Daily Time Breakdown
Product reviews was the "red thread" that ran through almost every activity Steve did. Broken down in format rather than purpose here was how he normally split his time:
Formal and informal meetings 40-50% of his day. Hands on prototype review, including his designlab visits 15-20% of his time. Email and phone calls 15-20% of his time. And his last portion of time went into solo thinking or walking meetings.
Used timeblocking, and weekly meetings. His afternoon blocks were for email and calls, usually averaging 100 emails and 10 calls for Pixar and Apple during these afternoons. It is also where he would do 1 on 1 meetings, usually done while taking a walk with the person he met with.
His time did not really go anywhere else but to his family. He said "I have Apple, Pixar and my family". Translated into behaviour, he did not really do a lot other than work and spending time with his family. Had almost daily dinners with them, and often at home too.
The Weekly Agenda
The weekly agenda meetings was the Monday executive meeting he had with the executives at Apple. They discussed what and how much was sold last week, all the products in development, what troubles or problems they were facing, plus reviews of all the important stuff in motion.
Jobs set a written agenda for each meeting, and if one item was not finished it got pushed to the top of the agenda next week.

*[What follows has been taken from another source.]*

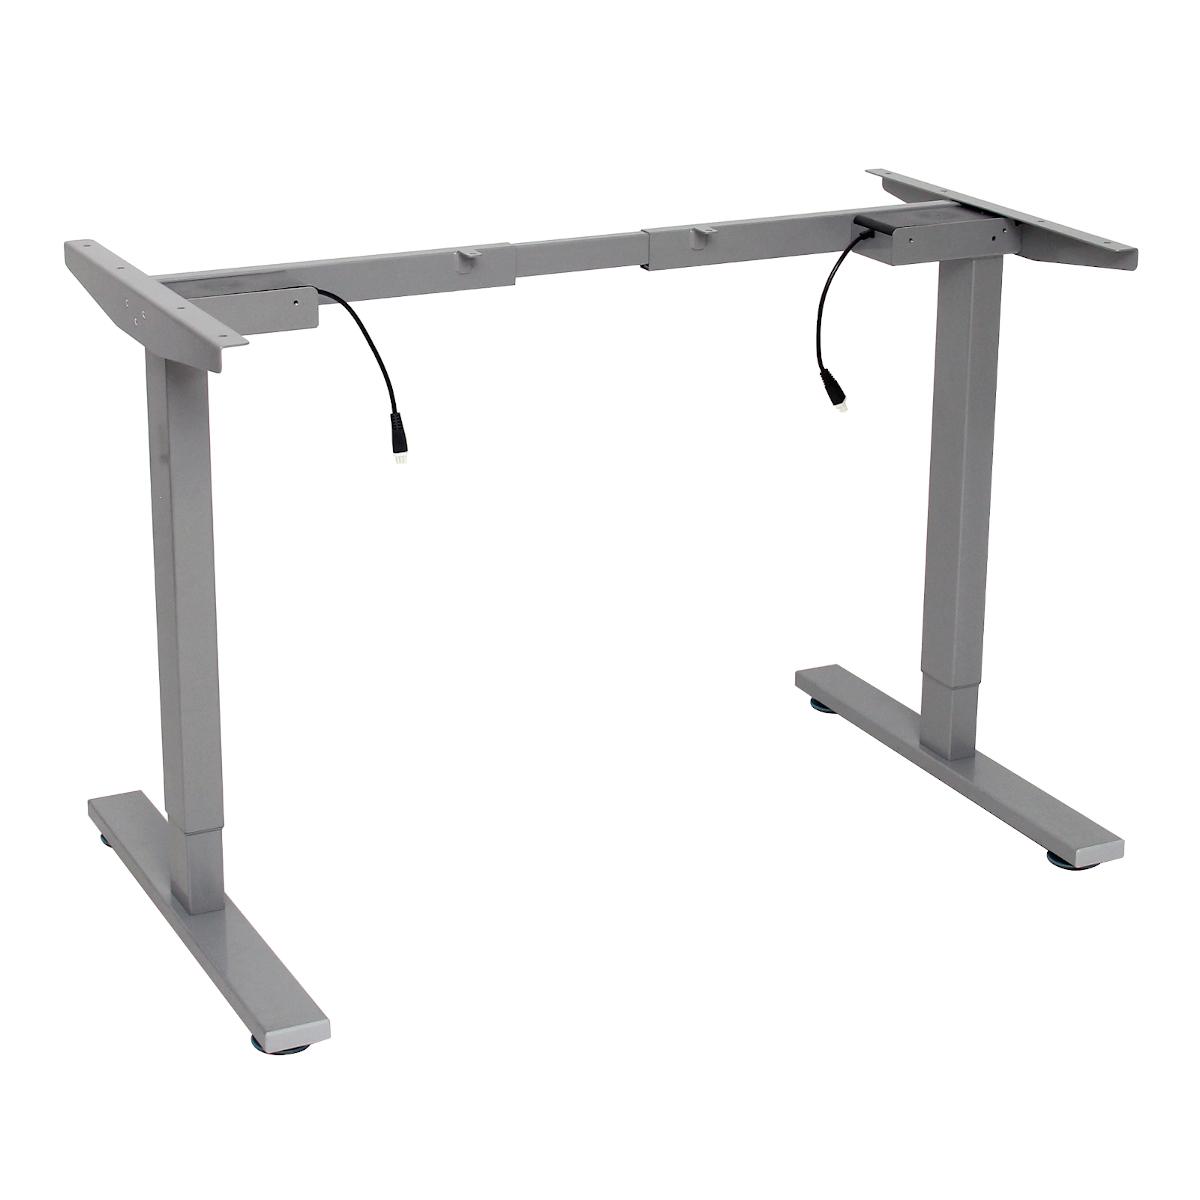 92288 SVITA höhenverstellbares Schreibtisch-Gestell 70-125 cm grau

There was also a max 2 week decision timeframe on decisions, which helped the efficiency of decisions and the velocity of which Apple shipped new products. Every agenda item had a DRI (direct responsible individual) next to its item. The agenda was usually 80% the same from week to week.

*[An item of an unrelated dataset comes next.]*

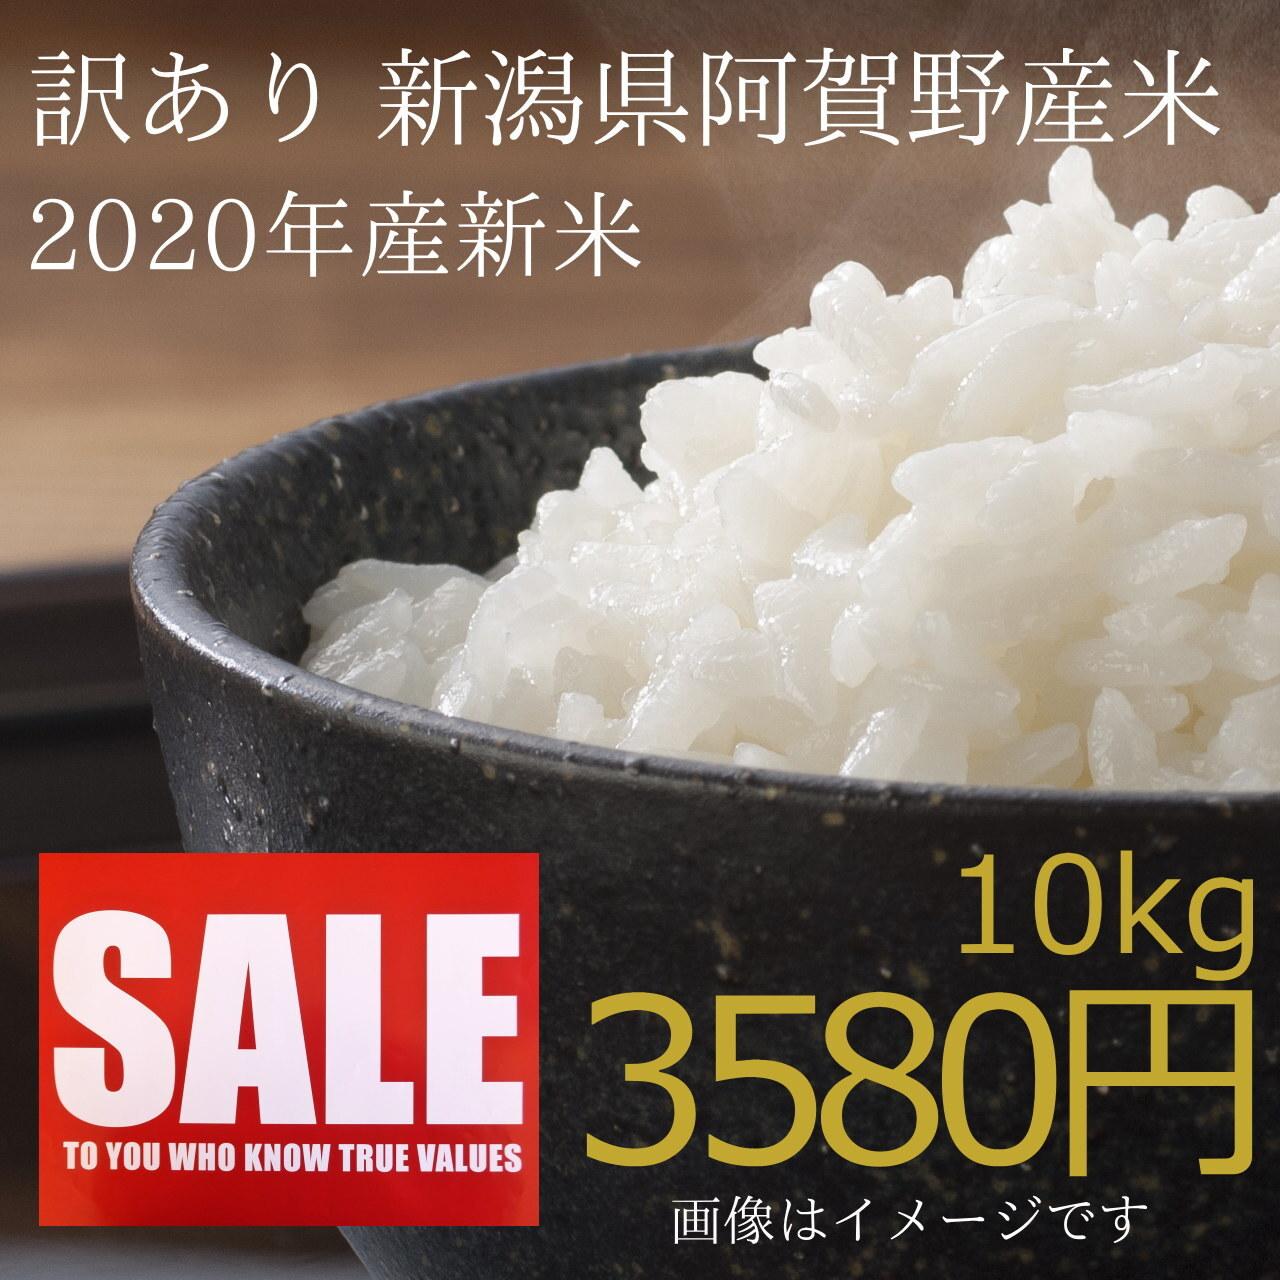 新潟県阿賀野産 訳あり米が10キロ3580円

Powerpoints were a big NO! NO! NO! in these weekly meetings, due to Jobs being driven batty of people who used 20 slides to communicate something that could be said in 3 sentences.
Tim Cook usually held a Sunday night preparation meetings with all the execs, to prepare for the Monday morning meeting with Jobs.

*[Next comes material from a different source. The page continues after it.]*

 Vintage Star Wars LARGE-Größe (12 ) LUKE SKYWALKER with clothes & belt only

Wednesday Marketing Reviews
On Wednesdays Jobs had the weekly meeting for marketing, communications and ad-reviews. This was with TBWA\MAL, Apples marketing agency. Wednesday meetings had a stricter agenda like the Monday exec meet. But every other week Jobs would hold a smaller, more informal meet with the marketing agency. Here he would share news, and review work in progress with the team.
The Rest of the Week
He visited the Industrial Design Lab almost daily, and ate lunch with Jony Ive, the lead designer at Apple almost every day. Apart from this there was no recurring theme for Tuesdays, Thursdays and Fridays during his last tenure at Apple. But these days could during sprints be filled up with a weekly recurring meeting. For example during the prototyping of the Apple Stores, Jobs set aside time every Tuesday to review the Apple Store progress and design with Ron Johnson the DRI of prototyping and designing the stores. He would even call him every day at 8pm, because Steve knew that Rons kids had gone to bed by then. The call was important to Jobs, because he wanted Ron to understand how Steve generally thought, and on a deeper level, because that would help Ron to intuitevly make design desicions of the store.
I might come back to this article to expand on it, but it was more of an active recall session for me. Also this way I can always come back to my notes to get a quick refresh of how Steve Jobs operated.